Initially, we will attempt to curl the webserver for index.html, which should function normally.

Following this, we will attempt the exploit, which should no longer work due to KubeArmor’s blocking of bash execution.

The exploit does not work anymore, as the KubeArmor policy is in effect

Nothing happens after we try to exploit ShellShock via the curl command.
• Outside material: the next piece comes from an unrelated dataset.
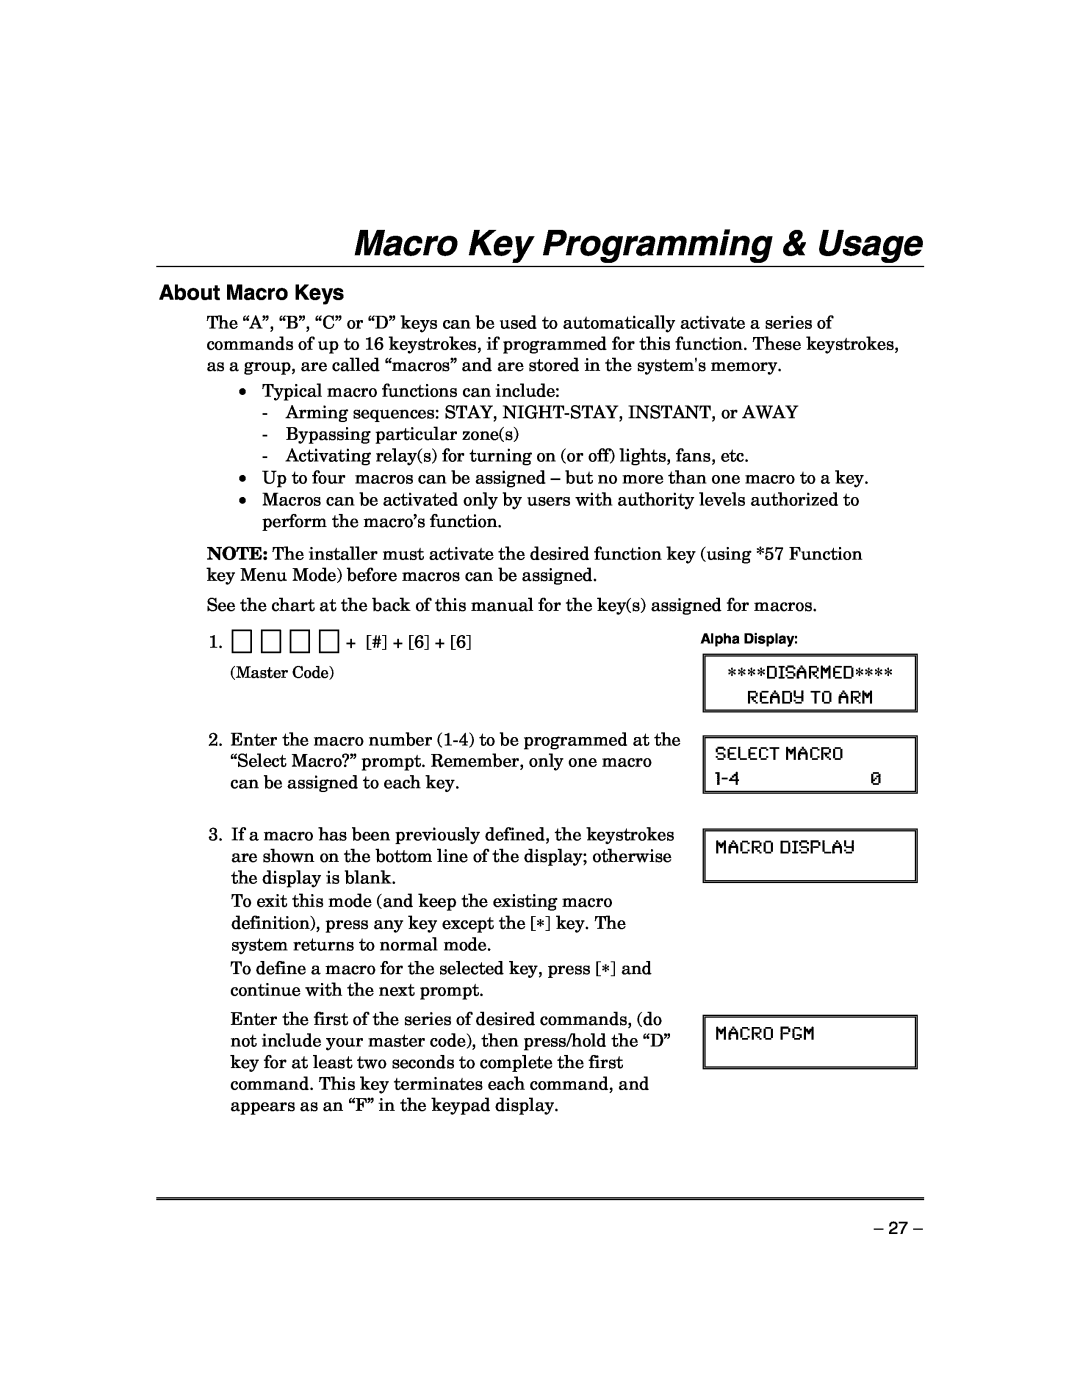 Honeywell VISTA-21IP manual Macro Key Programming & Usage, About Macro Keys, READY TO ARM SELECT MACRO 1-40 MACRO DISPLAY

We could not list the contents of the /etc/passwd file.

If we look at the logs of apache in the ShellShock pod, we see that the access to /bin/bash was denied.

The webservers log shows that the executing of bash was denied

This demonstrates that although the vulnerability still exists within the pod, KubeArmor’s implementation successfully prevents exploitation, thereby ensuring the system’s security.

Conclusion

KubeArmor represents a valuable tool for safeguarding containerized environments within Kubernetes.

Although this article only provided a brief overview of the capabilities of KubeArmor, it demonstrated the tool’s effectiveness in preventing the exploitation of a known ShellShock vulnerability within a pod of our cluster.

This highlights the value of KubeArmor as a proactive security measure capable of identifying and blocking potential threats before they can cause damage.

By leveraging underlying Linux security modules such as AppArmor, KubeArmor provides a comprehensive approach to enforcing security policies, preventing unauthorized access, and stopping potential threats.

Moreover, KubeArmor’s flexible policy framework and support for YAML syntax enable easy customization and management of security policies.

With its active development and growing community support, KubeArmor is poised to become a vital component of the cloud-native ecosystem.